On the flip side though, China’s own Twitter doppelganger, weibo.com, turned against its government following a high-speed rail crash last month, even with strict policing. Without getting too bogged down with specifics, 26million posts were made about the devastating train wreck in which 39 people died and hundreds were injured, making it very difficult for the powers that be to keep things under tight wraps, with the accident now being branded a metaphor for the country’s dangerously hurried modernisation. As Channel 4 news reported, such websites are “in some ways putting the fear of god into [Chinese] officials”, which isn’t surprising, considering people who have been incapable of open speech are finally being afforded a little space to talk.
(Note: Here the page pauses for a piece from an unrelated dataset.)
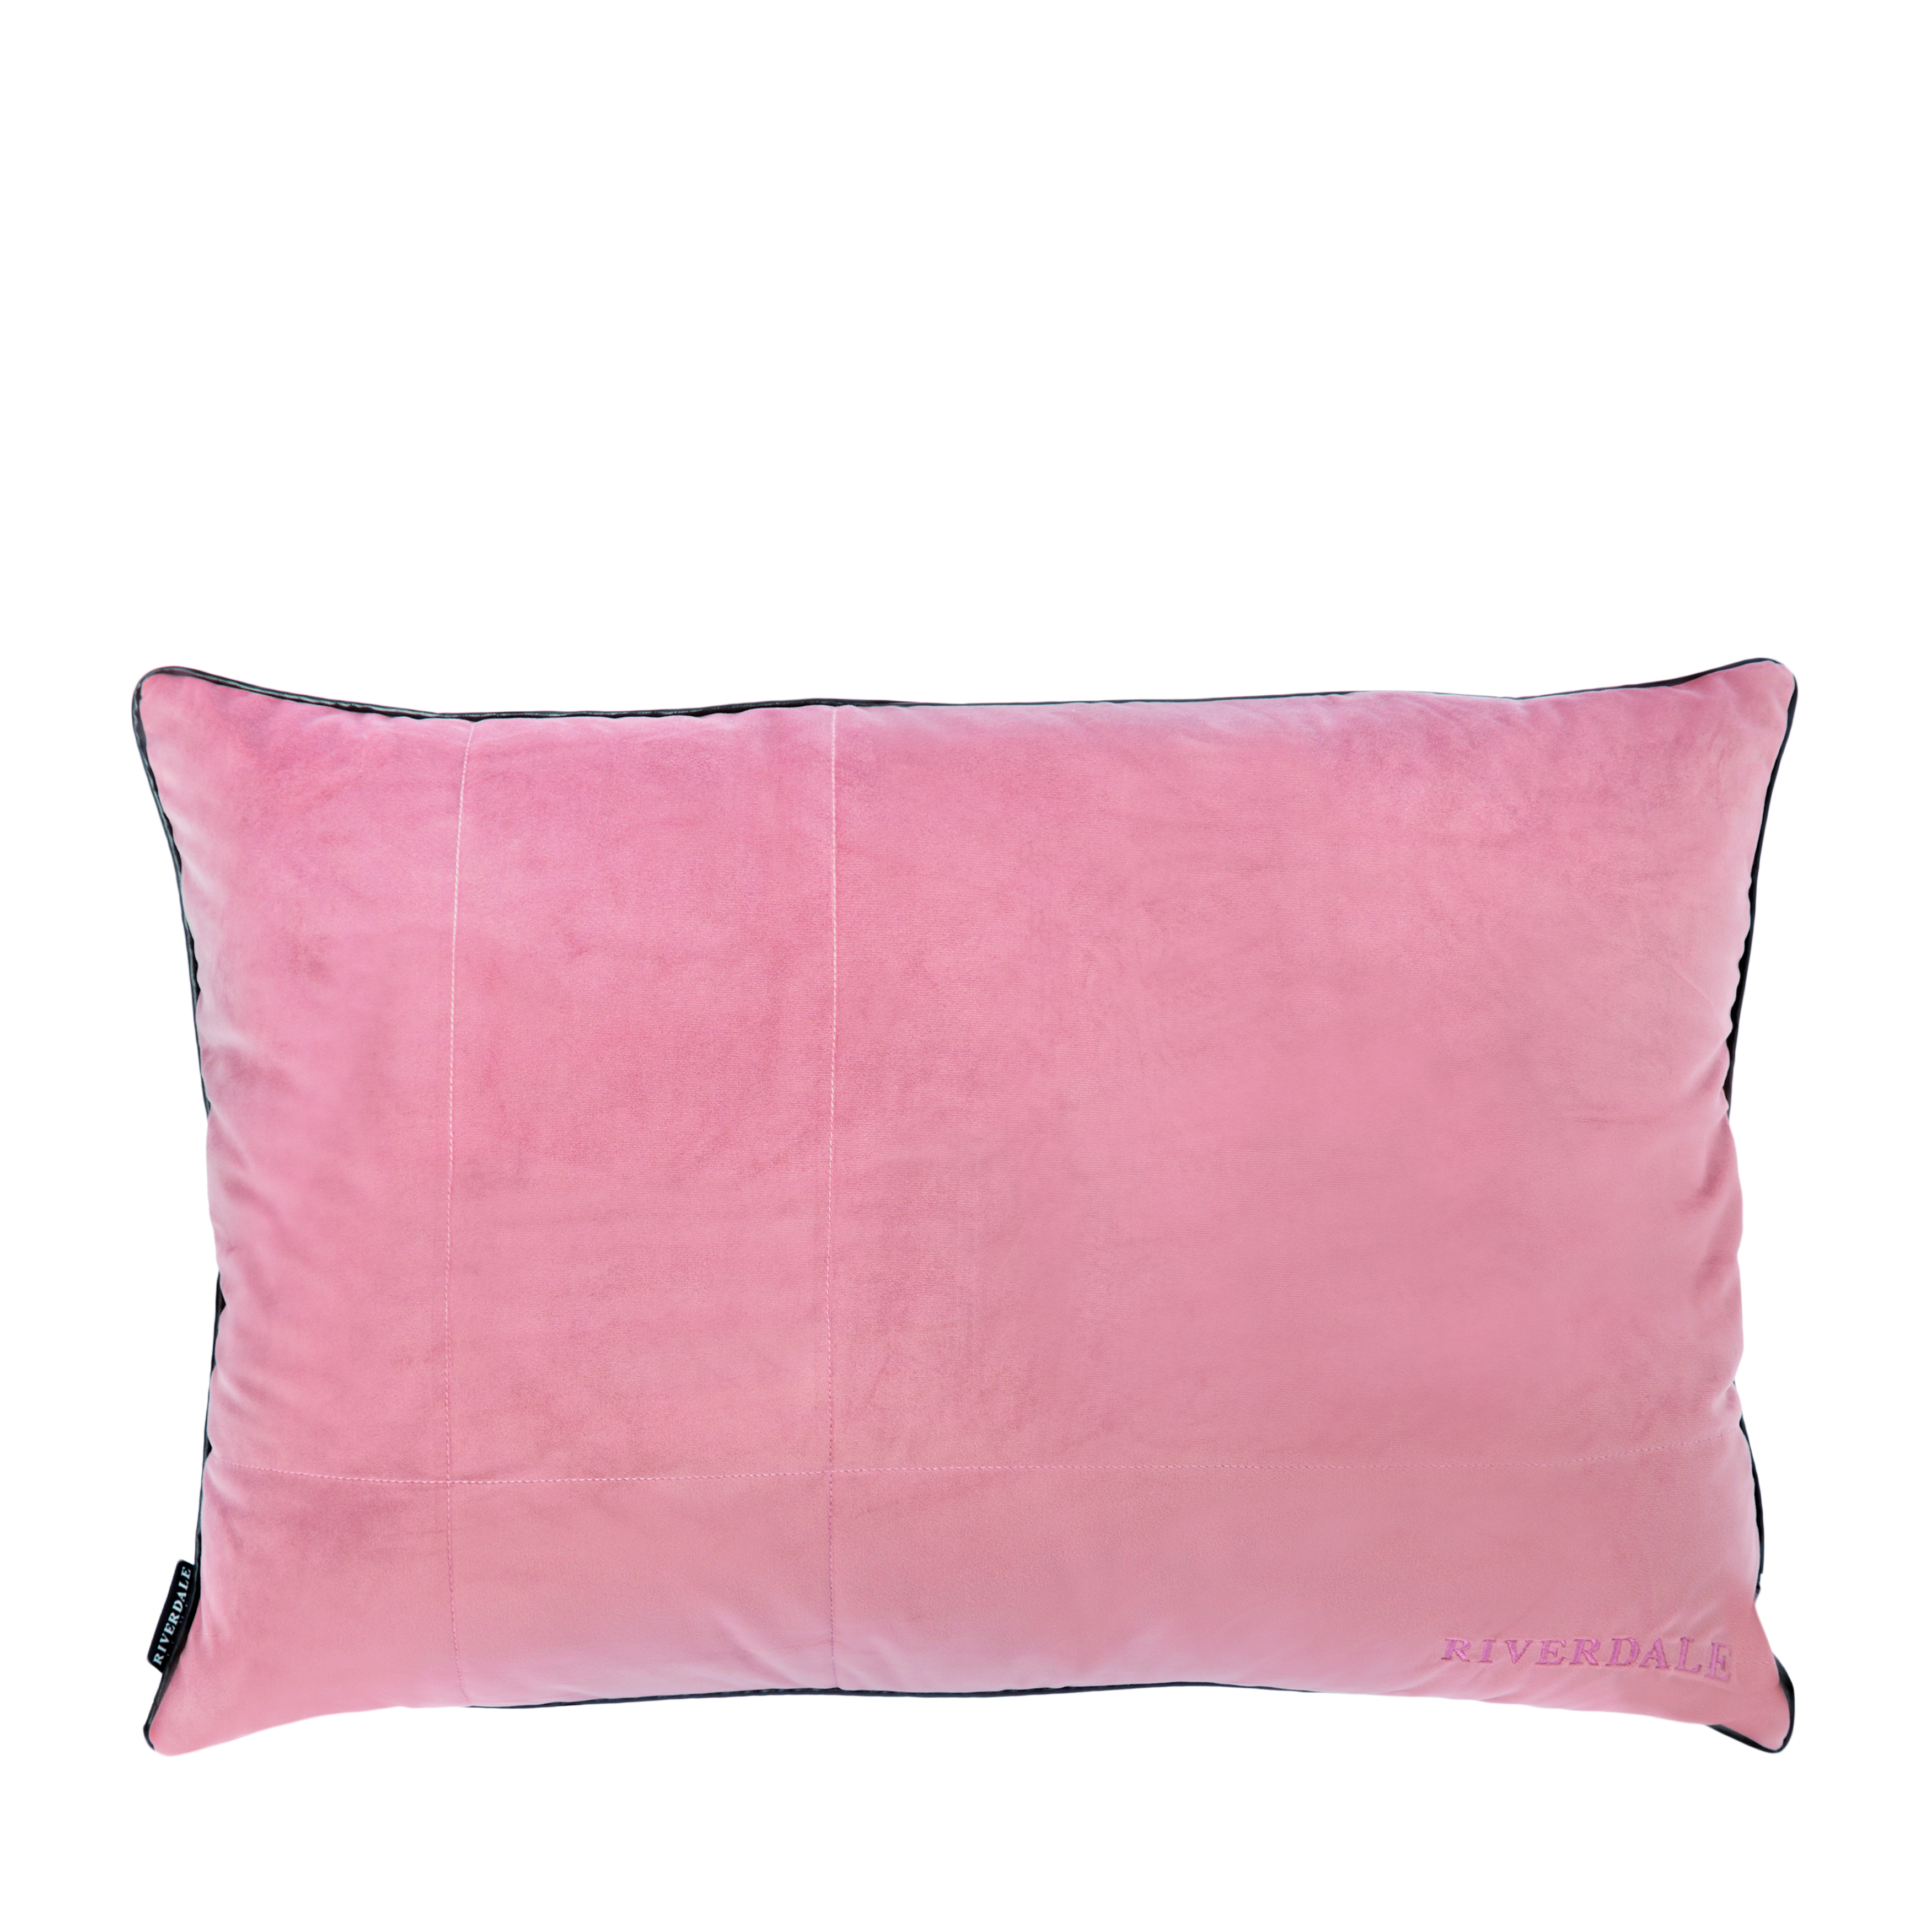 Cushion Hope Old Pink 50x70

Obviously the wholesale looting of high end consumer goods (and, apparently, copious right shoes) cannot be compared to real political struggle, irrespective of whether a matter of serious public interest originally sparked the troubles. So can we simply conclude that any benefits of social media, in terms of free speech, can only really be realised in oppressed regions, while those already basking in the luxury of century old democracies will only ever use such tools to spout ridiculous commentary and incite pointless violence? Have we made a mistake by allowing such online communities to develop worldwide without first outlining a comprehensive way in which to monitor these channels? Or have we finally reached a point in history wherein the world’s inequalities, injustices, and crimes can no longer be hidden, meaning the age old policies of subjugation and sweeping annoying issues under the carpet will no longer cut it?